AM: Thank you
for the opportunity to discuss the national question in Iran. As there are so
many interpretations of this issue perhaps it might be best to start by asking
how you define a nation and how do you see its significance in Iran?
MH. I too thank you for the opportunity to discuss our understanding of
the national question from the viewpoint of out party. Form our perspective a
nation is defined by some general features: a single language, a single culture
and a single land. If we take these characteristics as a basis, and I believe
they are the right ones, we can see that in Iran, the Baluch, Azeri, Arab,
Turkeman, and Kurd are each a nation.
AM: Your
characteristics for a nation have on the whole an objective aspect. If all
these characteristics exist in a group of people, and yet they do not think of
themselves as a separate “nation” or do not wish to have a separate national
identity, can one still call them a nation? In short is a “nation” a natural
phenomenon or a historic one? Is its existence objective and real or subjective
and evolves from thought and imagination?

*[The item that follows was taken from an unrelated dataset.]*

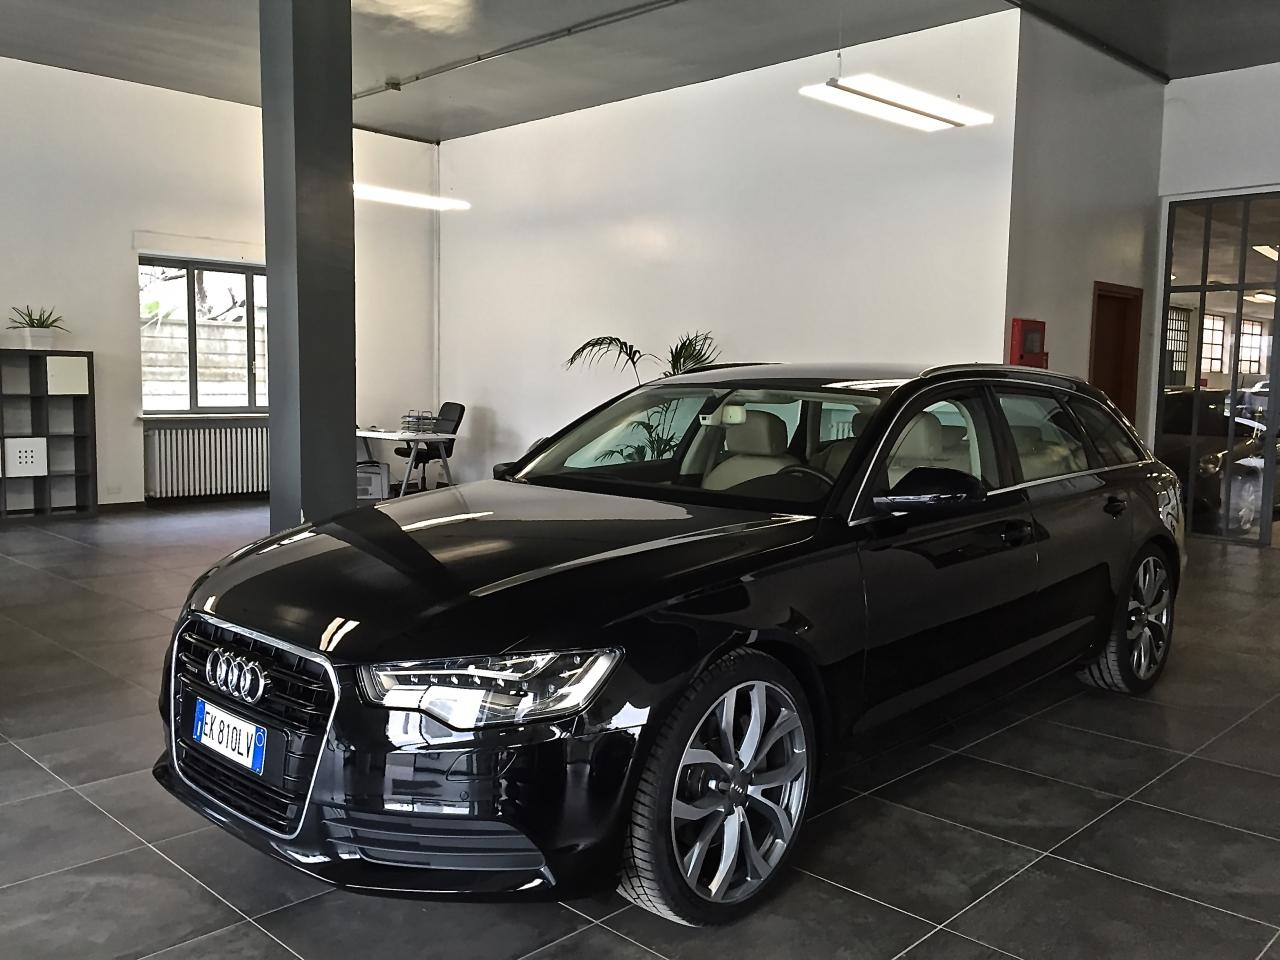 auto usate Audi Torino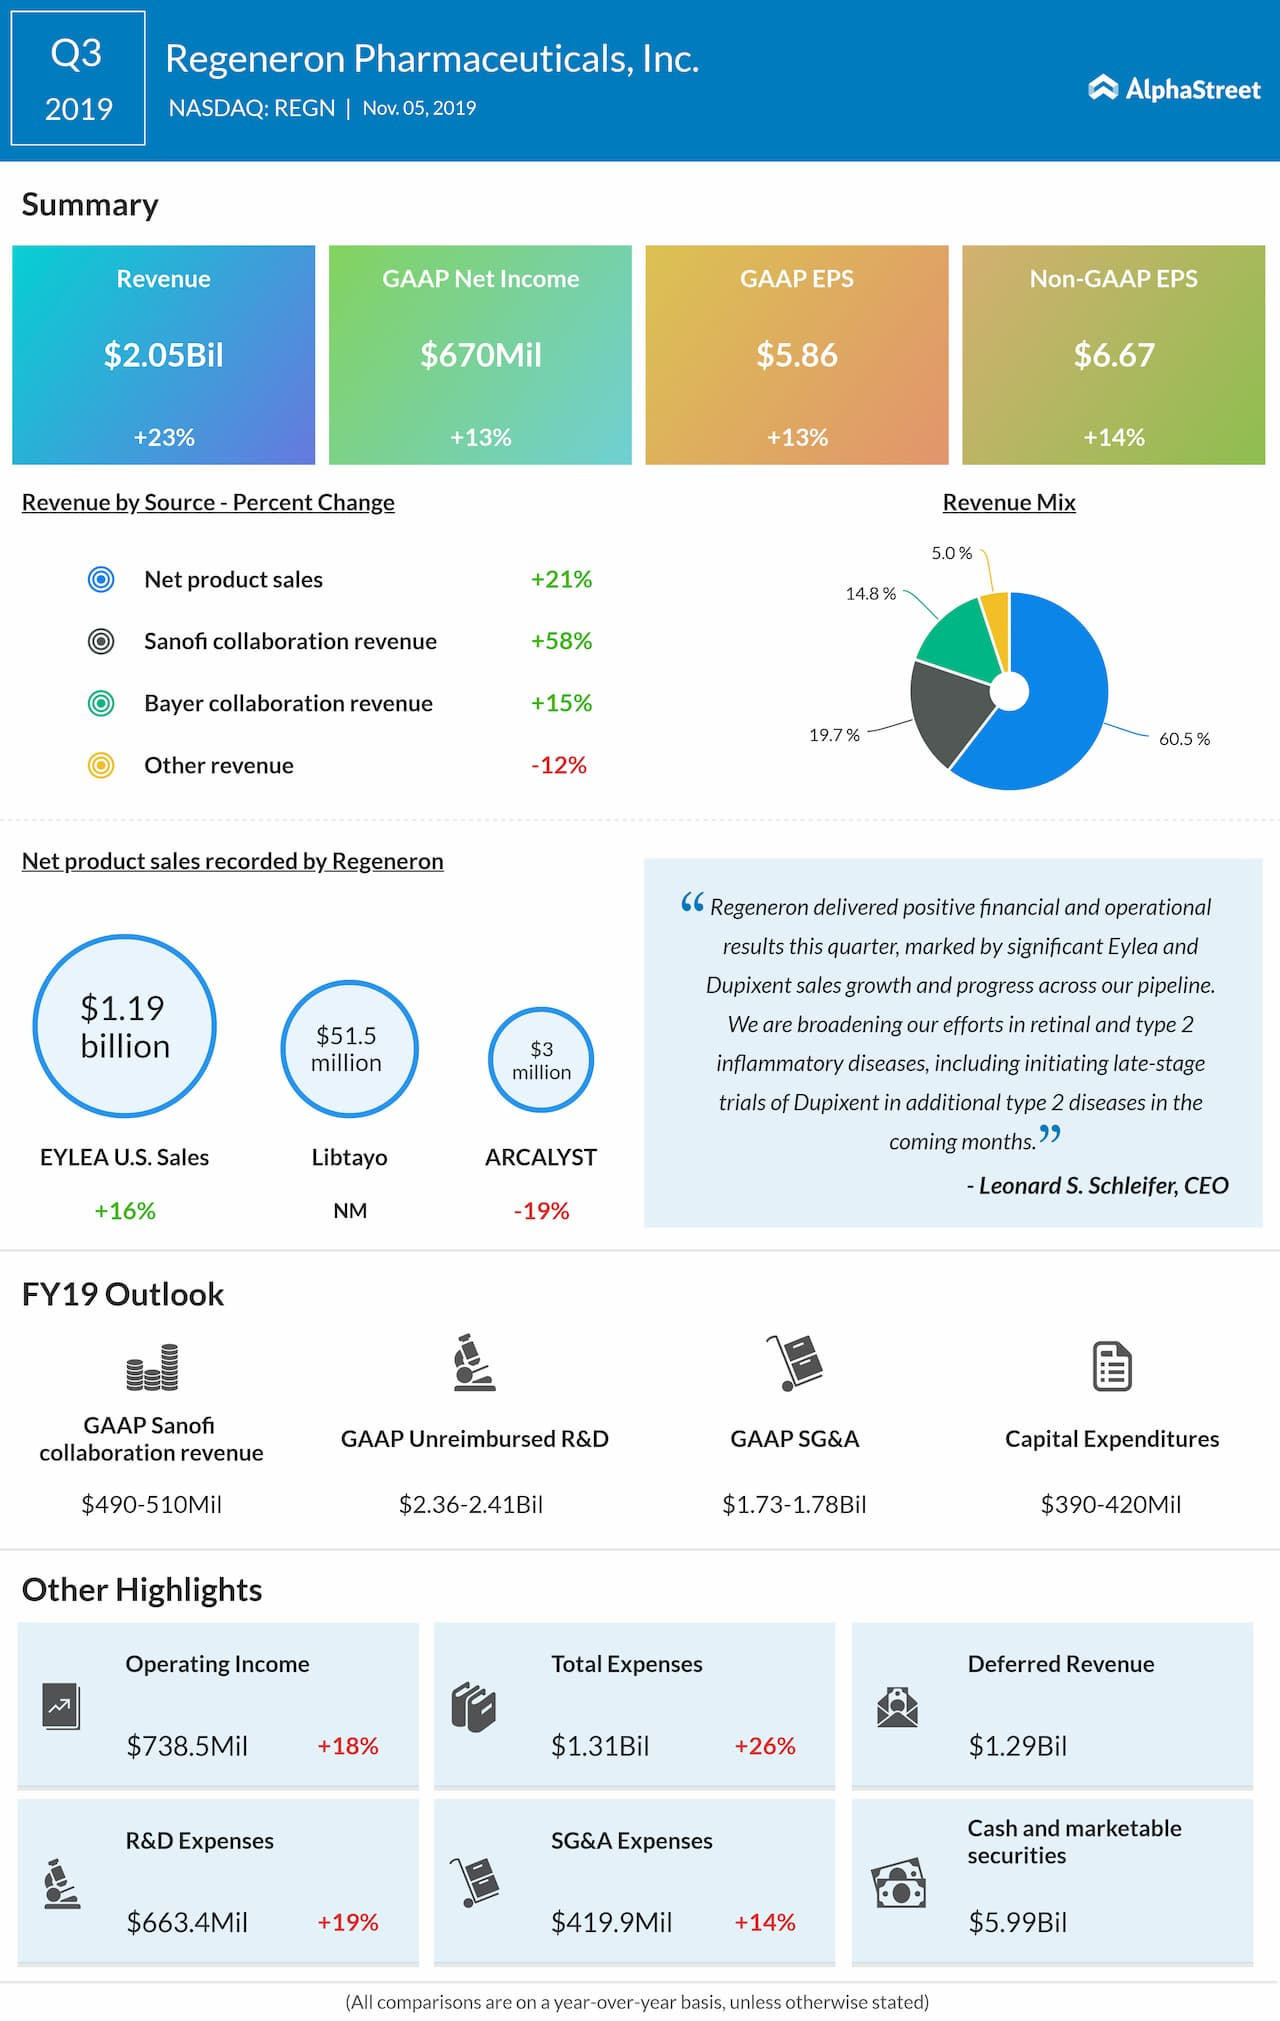 Regeneron Pharmaceuticals (REGN) Q3 2019 Earnings Review

MH: once all these characteristics are found in a people then inevitably
they belong to a nation that makes up that group. This is an objective
existence. Like the Arabs living in south Iran, who may on occasions not see
themselves as Iranian but are ultimately Arab.
AM: Let us turn
to the “national question”. What do you consider the “national question” in
Iran to be? Is it the inequalities and discrimination between the various
nationalities and the fact that they do not have equal access to resources,
facilities and prospects? In other words everything that relates to a
non-democratic, and from the national point of view hierarchic, state structure
in a multinational country? Or alternatively, is the “national question” in
Iran in the final analysis the consequence of a unitary state in such a
multinational country. Or in other words the fact that different nation-states
did not arise in the physical space that is Iran today?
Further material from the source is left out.